Given information: Begin

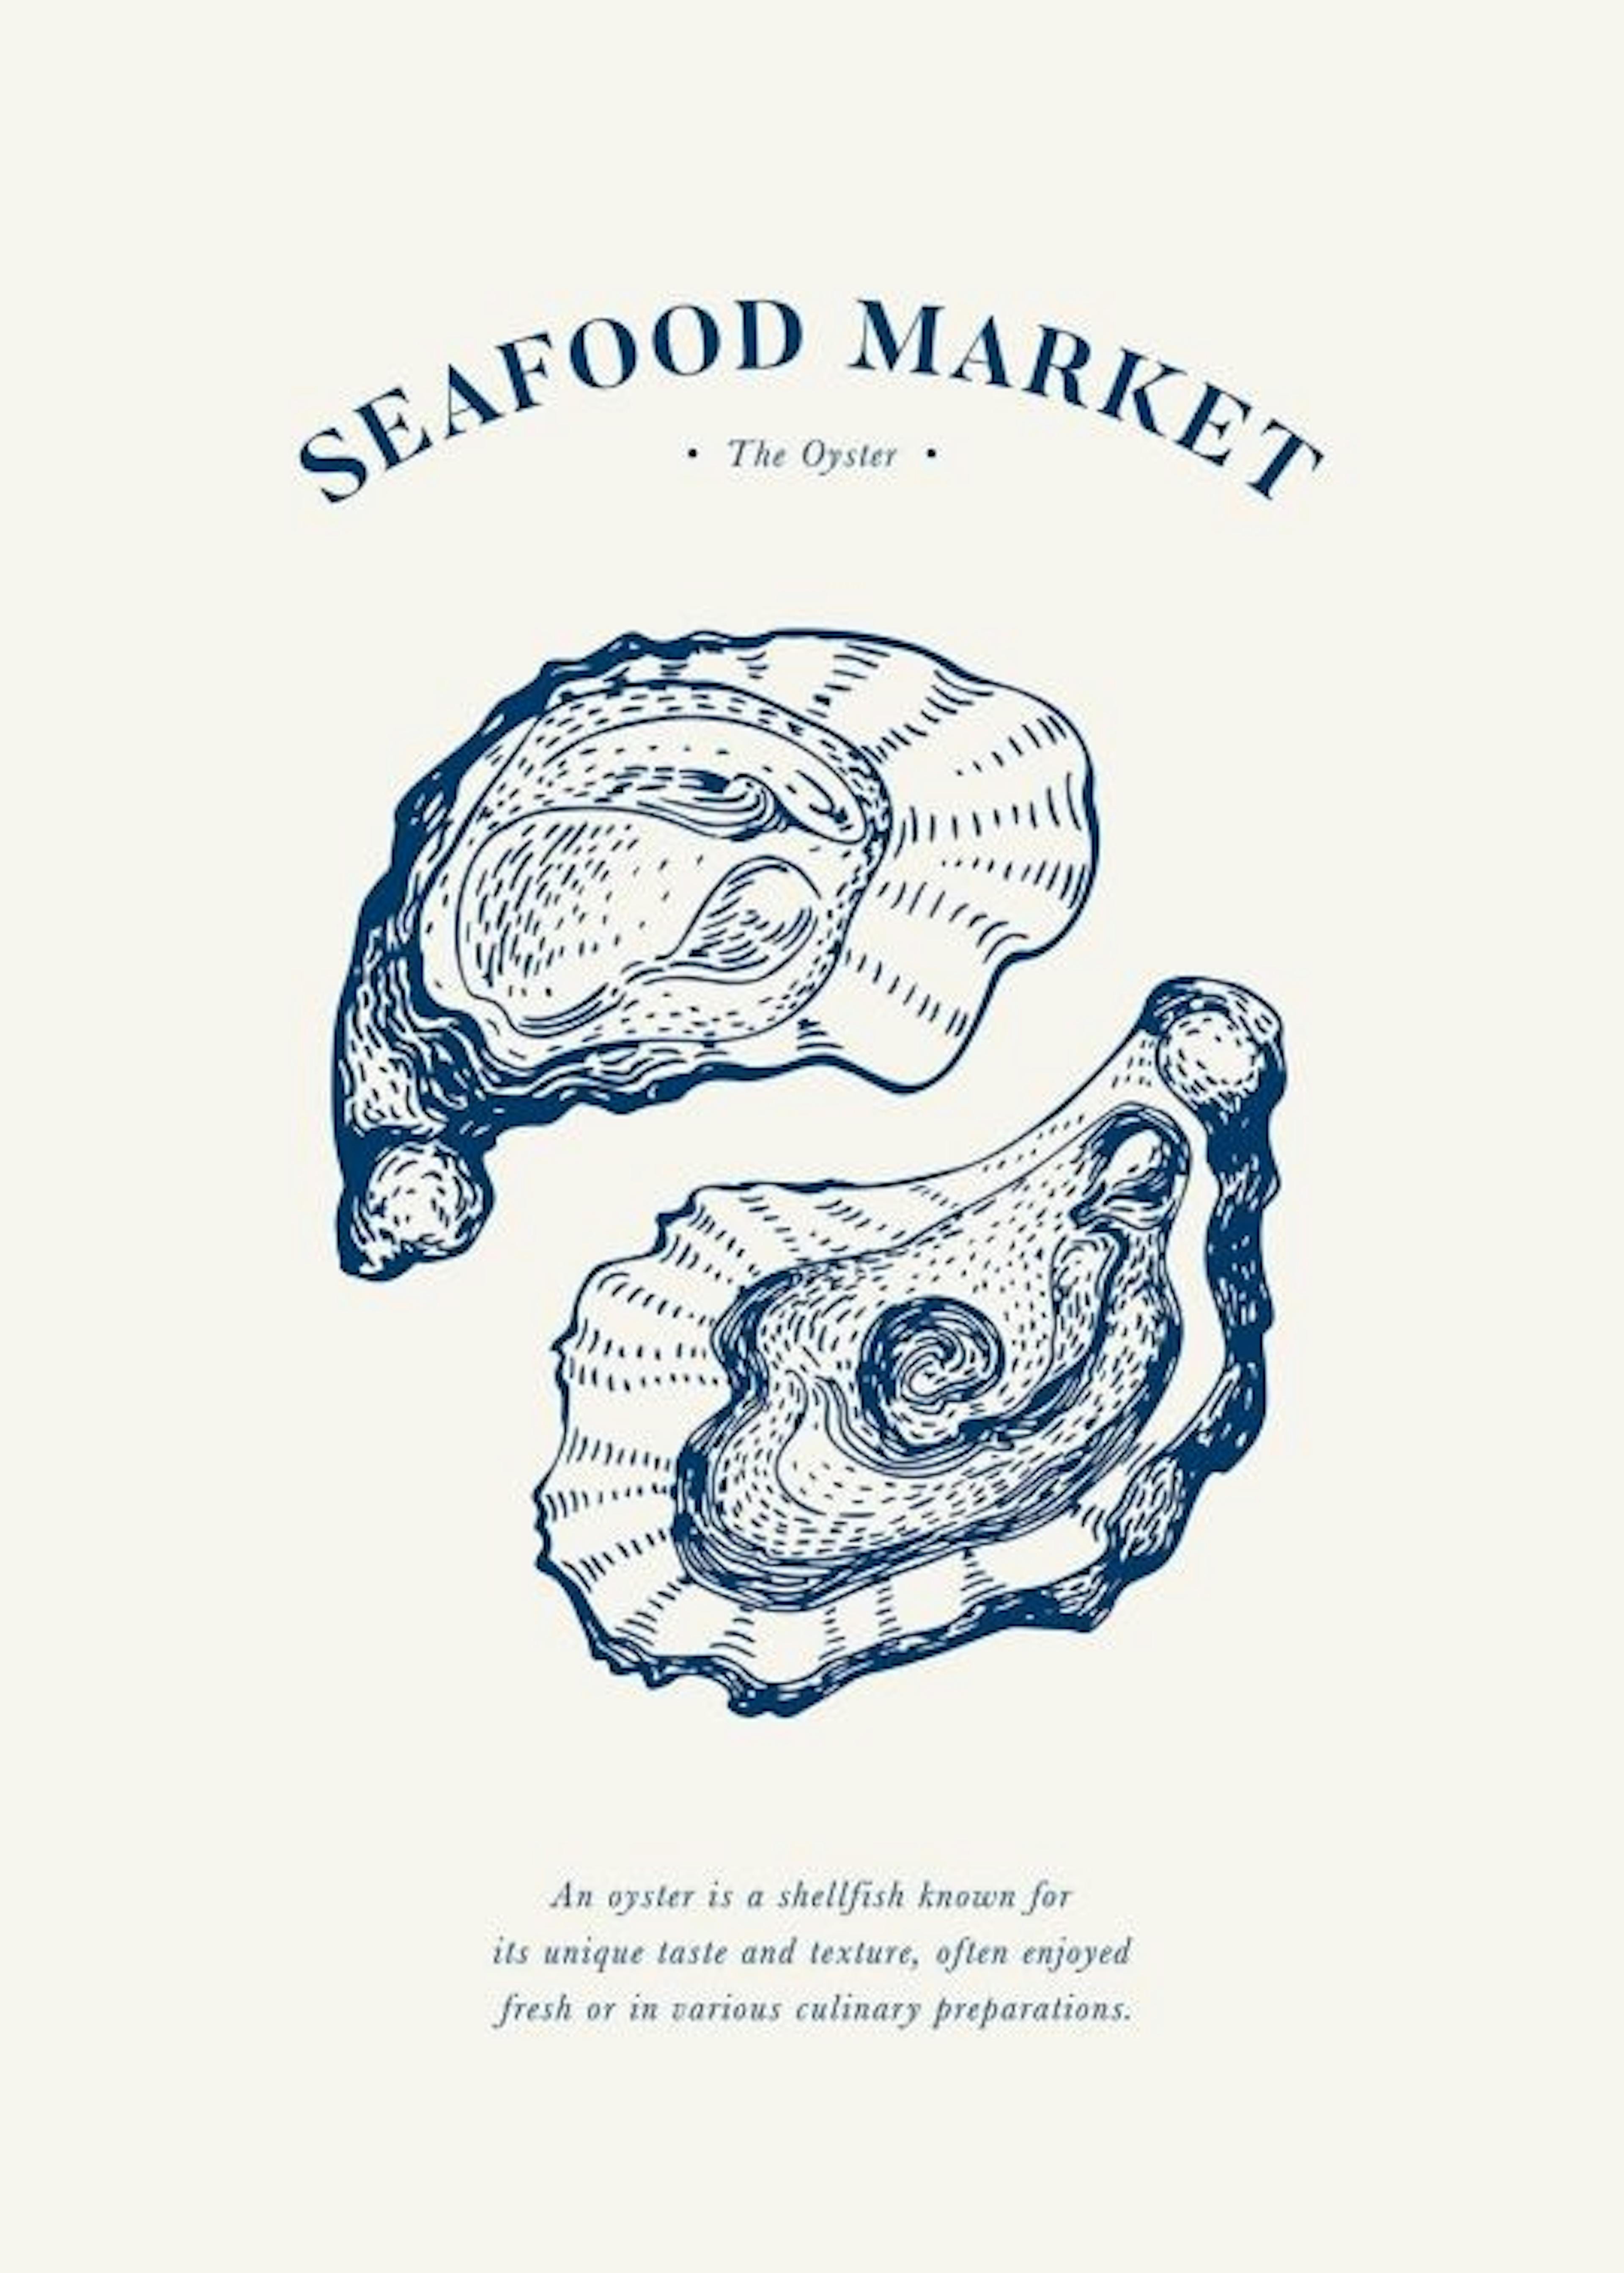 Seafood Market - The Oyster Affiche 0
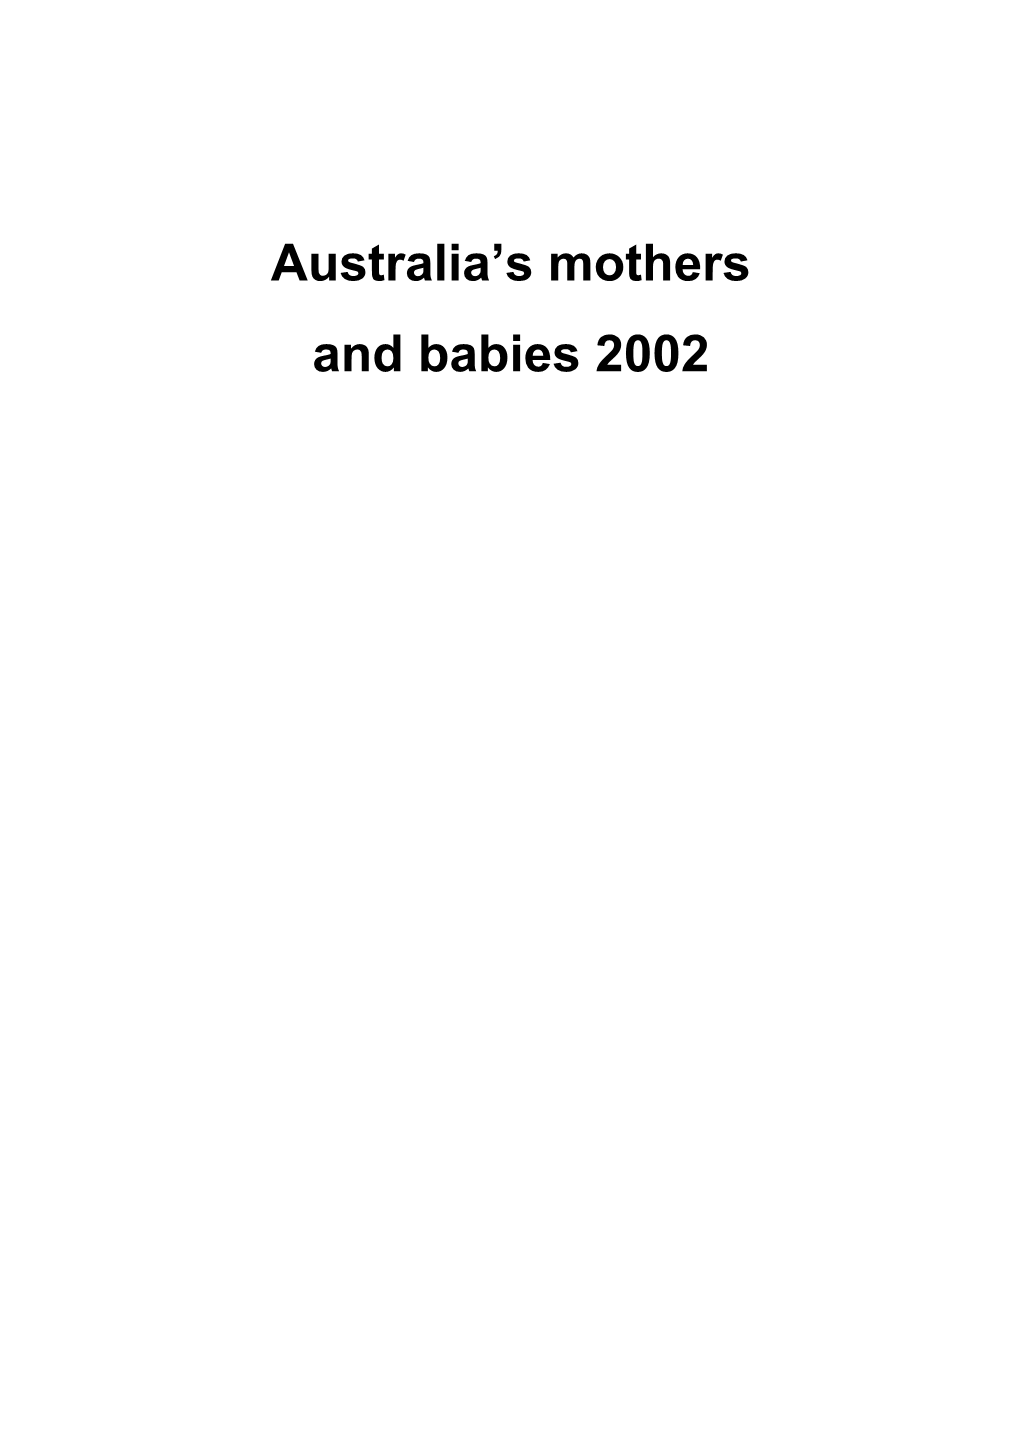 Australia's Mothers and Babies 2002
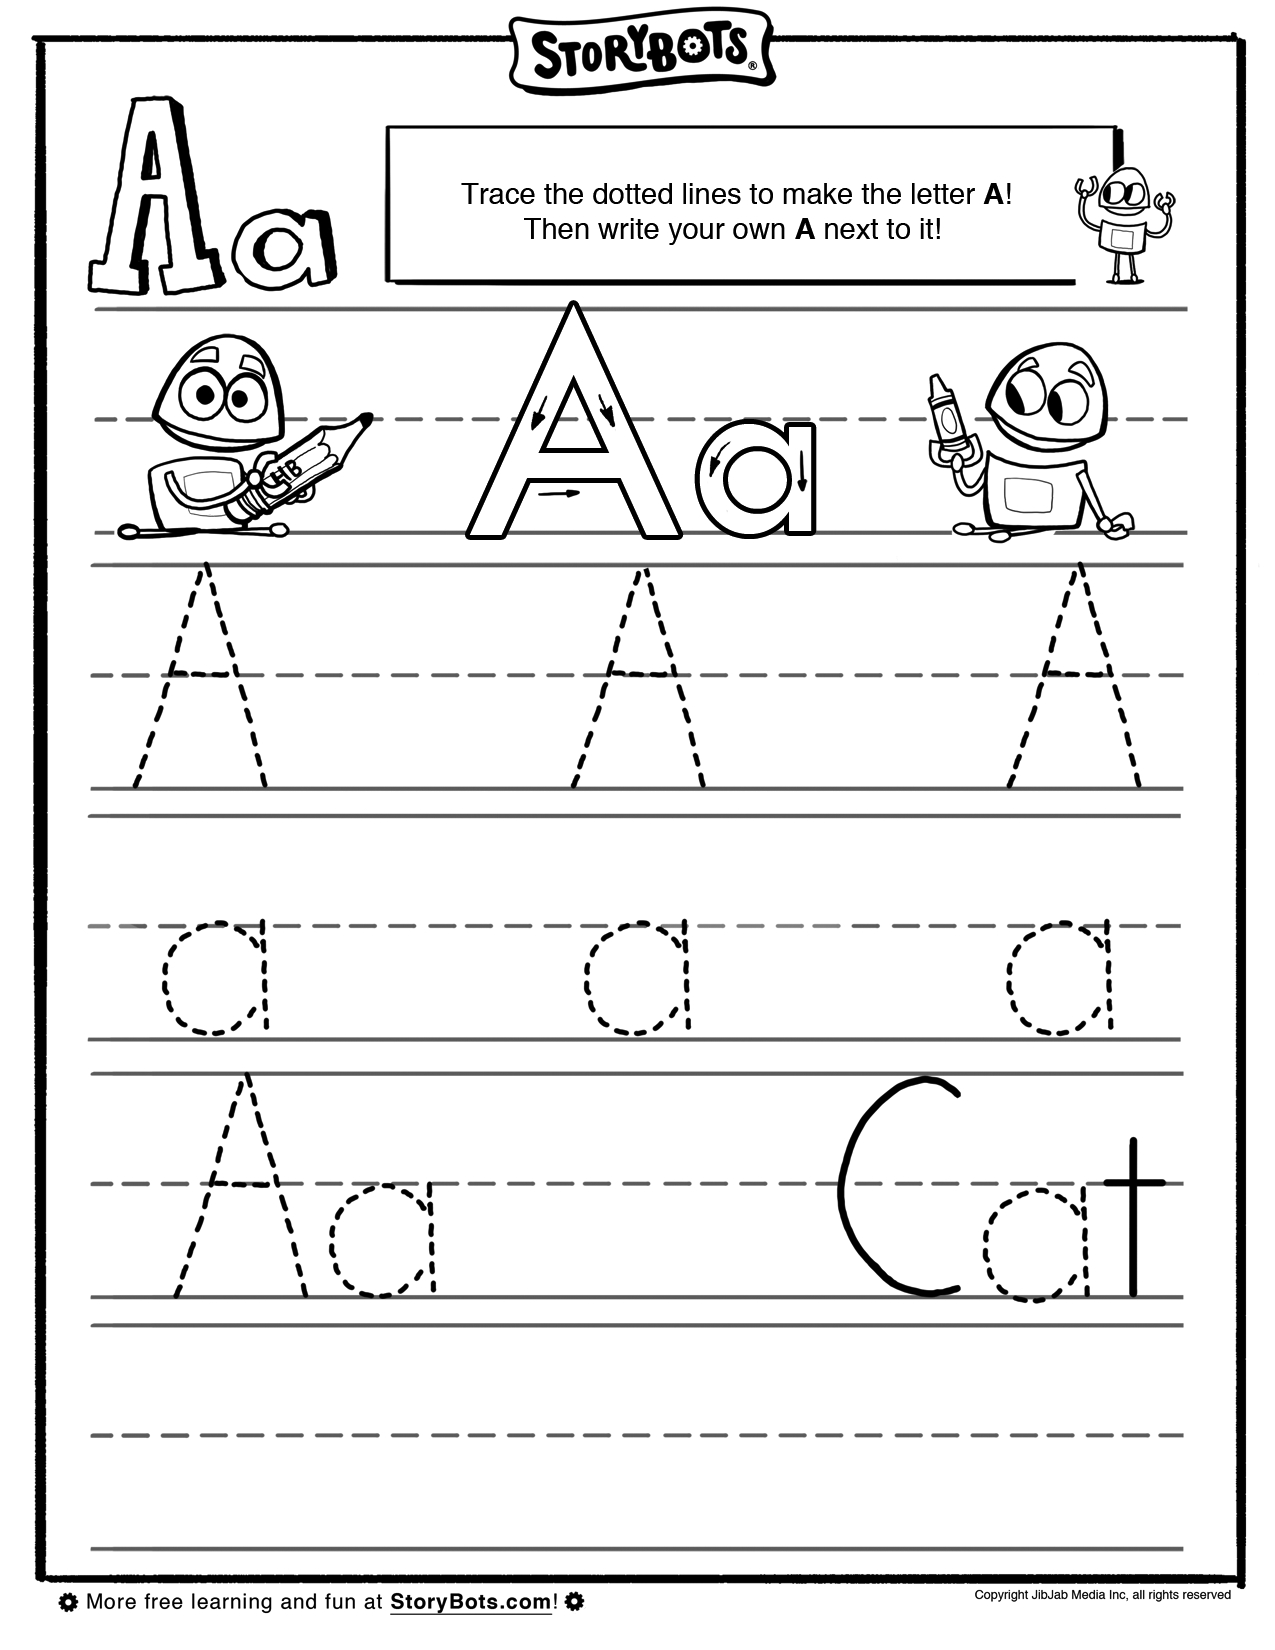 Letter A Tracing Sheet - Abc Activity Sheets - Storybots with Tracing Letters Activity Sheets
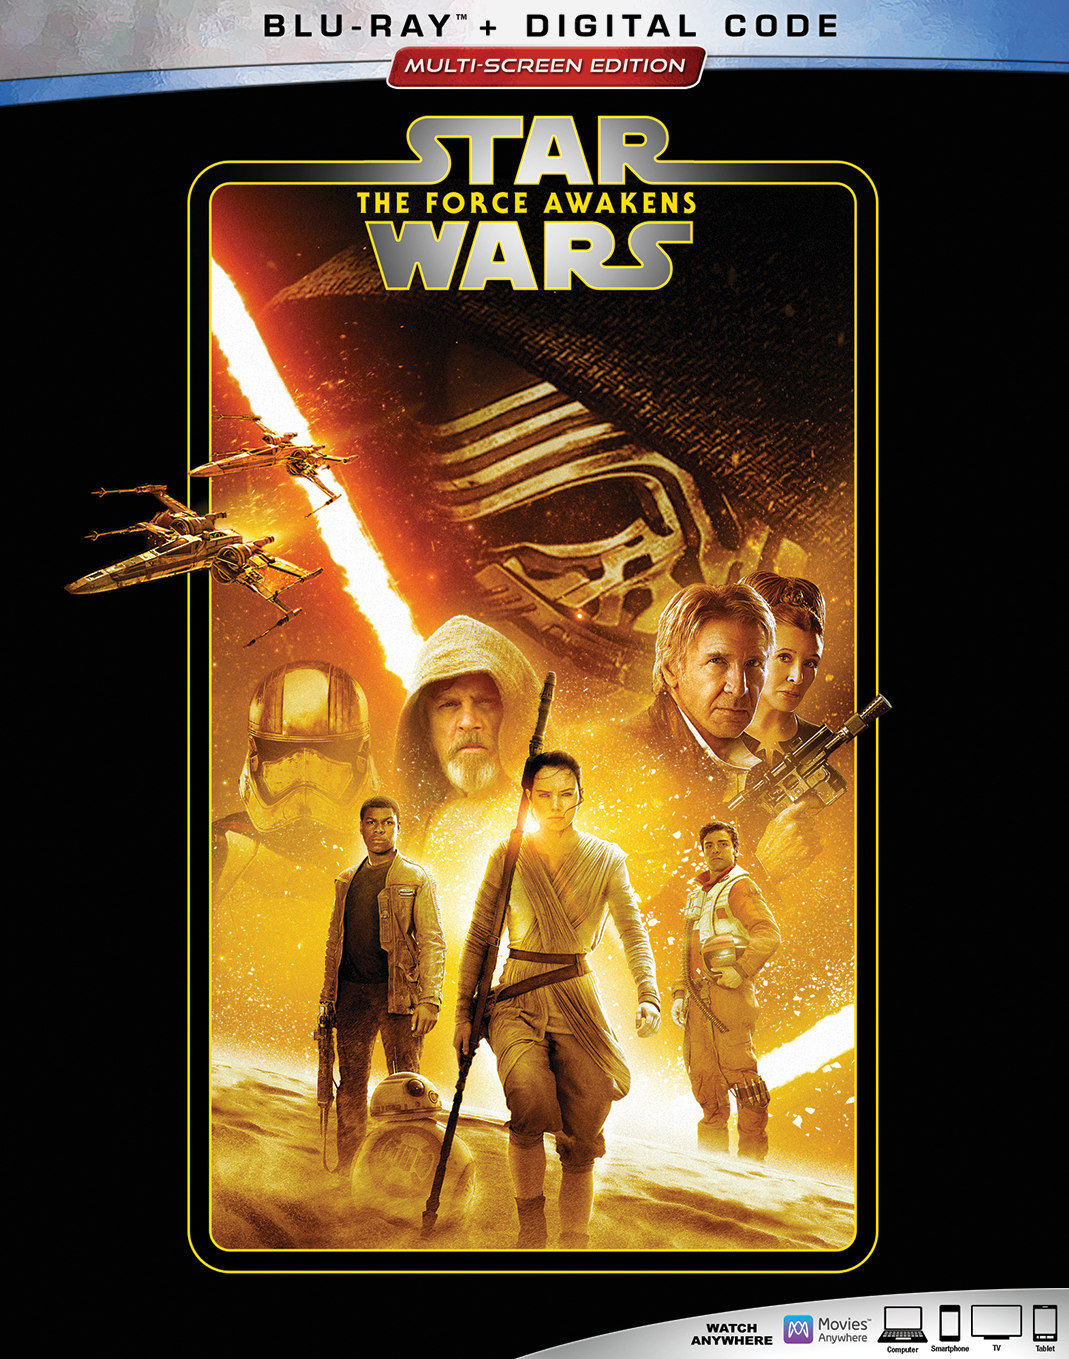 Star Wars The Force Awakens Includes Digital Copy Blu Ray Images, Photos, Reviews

Given information: End

◆ **Exercise details**:
Only the pictures are to be dropped; return everything else in the listing exactly.

◆ **Answer space**:
 Seafood Market - The Oyster Affiche 0
 Australia's Mothers and Babies 2002
 Letter A Tracing Sheet - Abc Activity Sheets - Storybots with Tracing Letters Activity Sheets
 Star Wars The Force Awakens Includes Digital Copy Blu Ray Images, Photos, Reviews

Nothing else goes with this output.